Law Society president Jonathan Temm said it had been advised of the dismissals which included one magistrate who questioned the propriety of a prosecution by the Fijian government agency Independent Commission against Corruption.
Mr Temm says the prosecution was against a human rights lawyer and her husband and involved charges alleging breaches of the law related to Suva City Council misdemeanours, along with a charge of fraud.
“It appears that a government agency – which was purportedly established to fight corruption – is being used in a manner inconsistent with its statutory purpose. The effective dismissal of judicial officers attacks the independence of the judiciary,” he said.

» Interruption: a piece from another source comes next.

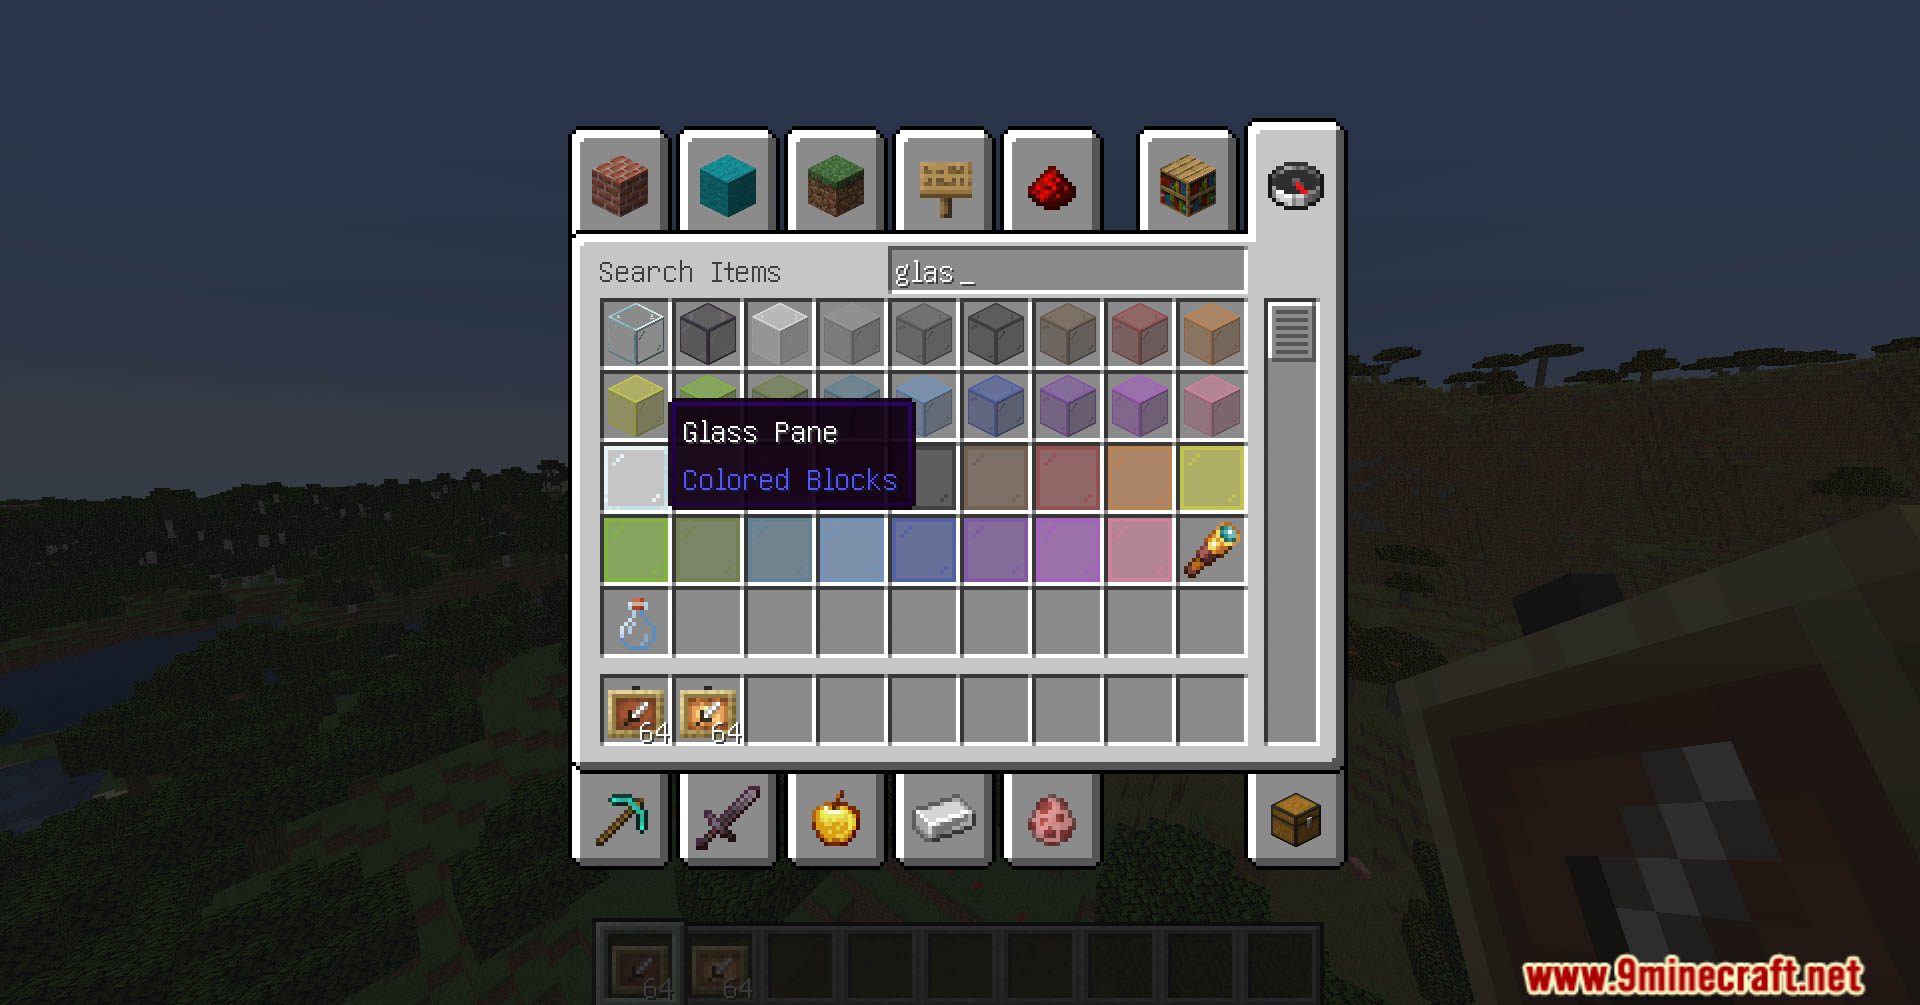 minecraft invisible item frame command

“Of most concern is those judicial officers apparently dismissed for rejecting prosecution cases brought by the military government or its agencies.”
Mr Temm said a Law and Justice report issued by the Citizens Constitutional Forum organisation found that 40 judicial officers were dismissed in the year to April 2010, in addition to the five recently dismissed magistrates.
“The Fiji Law Society has bravely condemned the dismissal of Fijian magistrates and public prosecutors and says that Fiji’s judiciary is effectively no longer independent,” he said.
The rule of law is under attack in Fiji and this should be a significant concern to the people and government of New Zealand, Mr Temm said.
Last week Fiji expelled Australian envoy Sarah Roberts for what it said was meddling in the country’s internal affairs after Australia had lobbied for a Melanesian summit in Fiji to be postponed.
The summit was cancelled by organisers who cited concerns about democracy and “good governance” since the 2006 military coup.
Roberts is the second senior Australian diplomat to be expelled from Fiji in less than a year after the high commissioner and his New Zealand counterpart were removed last November over alleged interference in Fiji’s judiciary.